I think that's the mentality.
None of these groups have any capability of actually taking anything over or overthrowing anybody.
It's a mentality of my friends' friends and my enemies' enemies and playing that out in terms of trying to create as many problems as possible for Iran.
This is always so confusing to me because it seems like any group of egghead analyst types anywhere in the world, the neo-cons would be the ones who understand that when you create conflict like that within a state that the government gains from that.
That the people rally around the state, let the state get away with more rather than actually destabilizing things.
It's the reaction from the destabilization that's the real effect.
Yeah, you're right, and that's the funny thing, because they don't seem to understand that.
You and I understand it, and most people would understand it just the way you explained it.
In fact, as I'm sure you're aware, people like Mahmoud Ahmadinejad, he gets stronger every time he's subjected to abuse by the U.S. media or attacked at Columbia University or things like that.
If the neo-cons were perhaps a bit smarter, they would try to deal with these people in a reasonable and measured way, and when these people are saying things that is utter nonsense, people would realize that.
But instead, they go for the jugular, and when they do that, they rally support around them.
You know, I had Gareth Porter on the show yesterday, and he's got a new article based on his conversations with Hillary Mann, the former National Security Council staffer.

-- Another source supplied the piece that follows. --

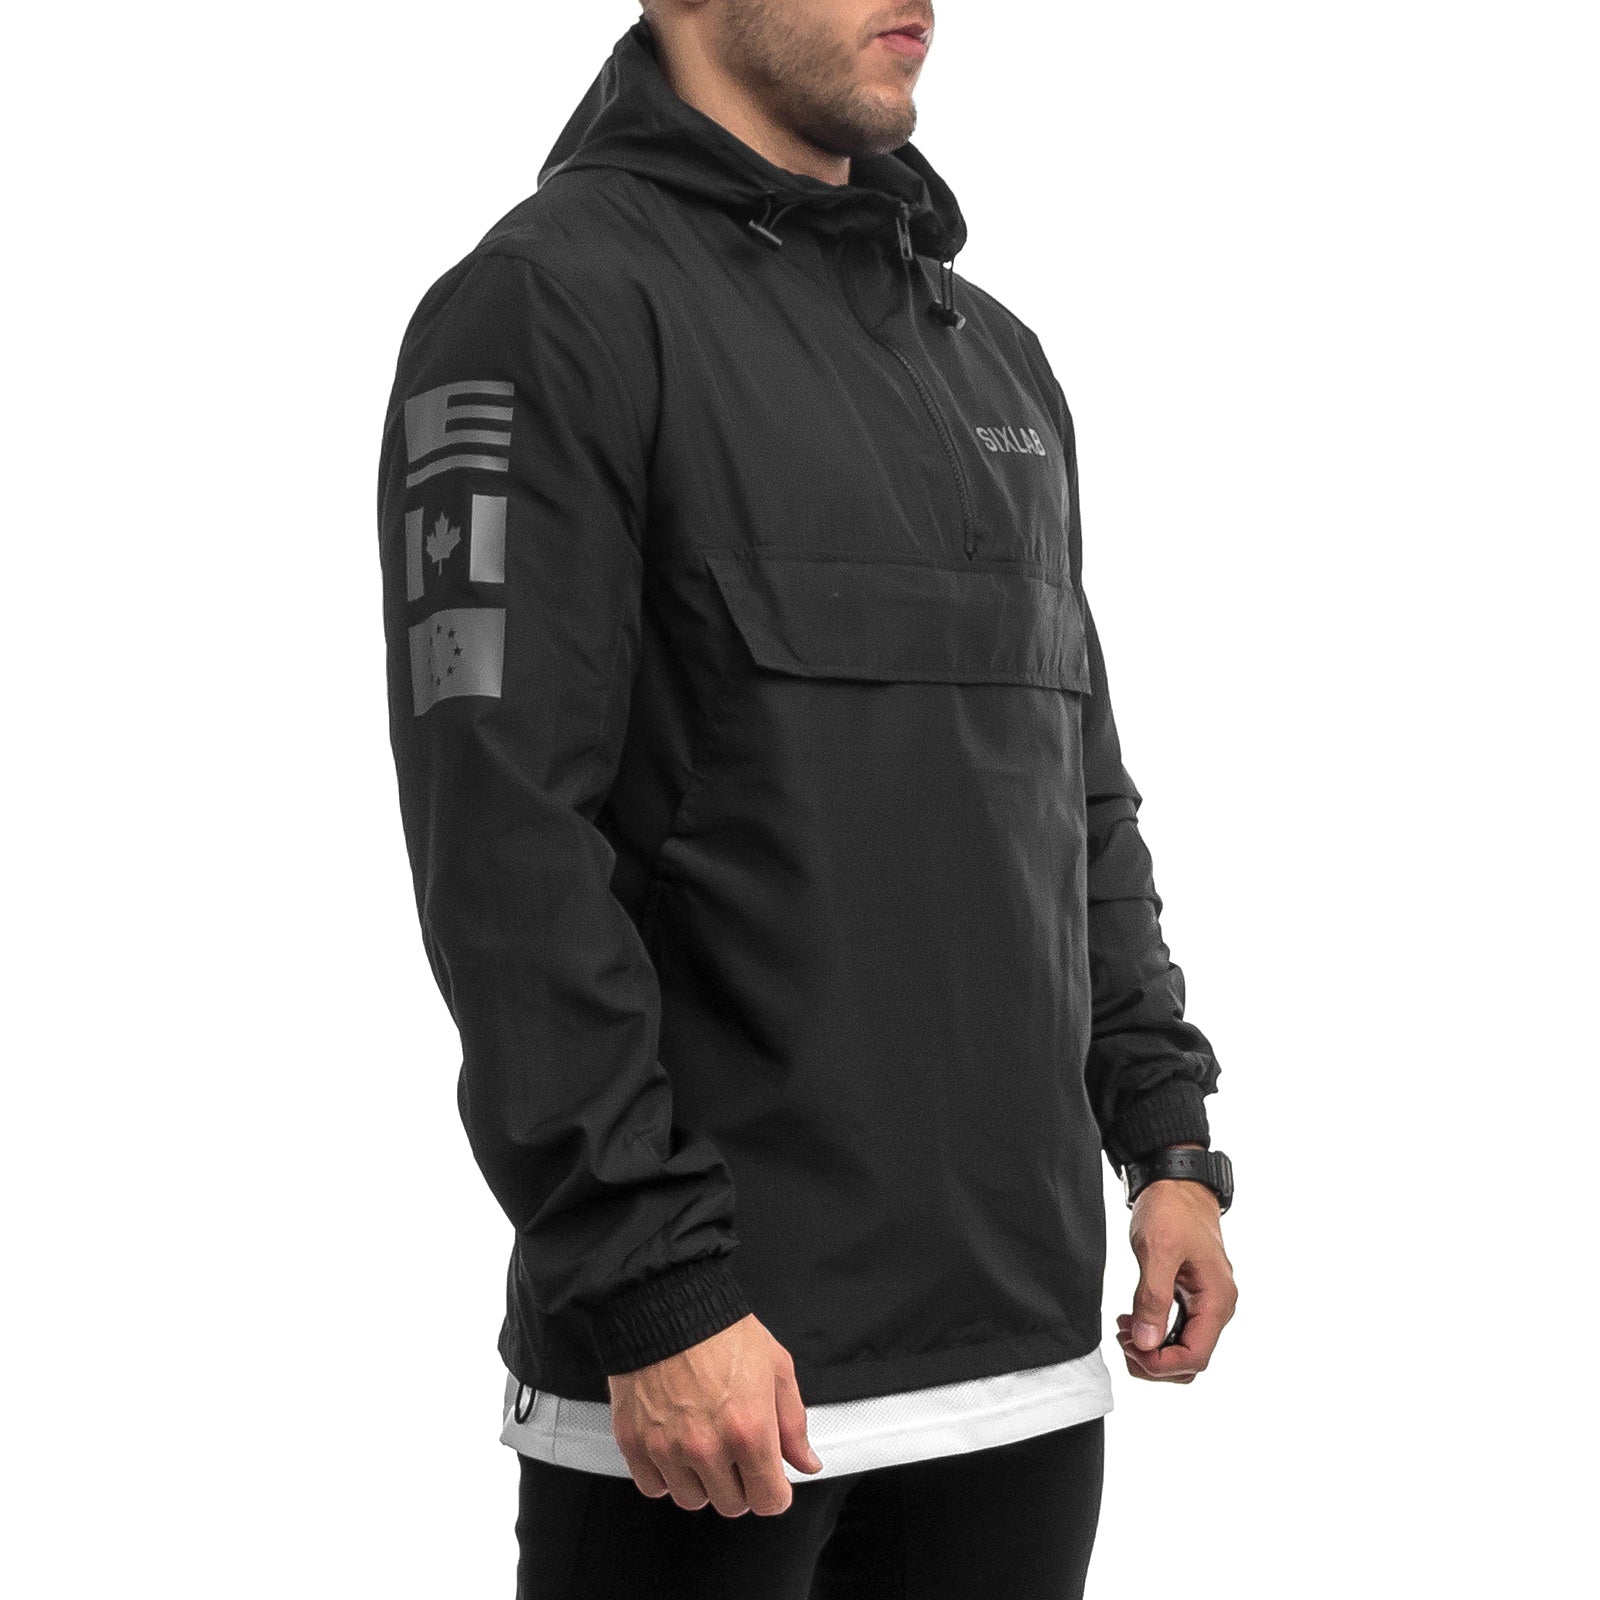 Trademark Half-Zip Jacket - black

And she reports to him that the war party, the neo-cons, the vice president's office, those guys, refused to accept the fact that their backing of the Supreme Council for Islamic Revolution and the Dawa party had, in effect, strengthened the Iranian position, that they refused to accept this truth until at least halfway through 2005.
Phil?
You know, that's quite amazing, because everybody knew anybody was following the situation, knew that those people were basically, at that point, surrogates for Iran, and most of their leaders had been more or less raised in Iran and nurtured by it.
And yeah, it's astonishing how people who pretend to be as smart as the neo-cons pretend to be can be so stupid.
And well, I was reminded yesterday when I was talking with Gareth that it was about halfway through 2005 when you reported in the American Conservative magazine that Cheney had ordered the Strategic Air Command to start drawing up plans to bomb that country.
That's right, yeah.
This has been going on for a long time.
I'm doing for Andy Warr next week an article on Senator Lieberman, and he's basically been calling for regime change for about seven years now.
So there are people out there, I guess they have a longer vision on these things, and have been wanting to go after Iran.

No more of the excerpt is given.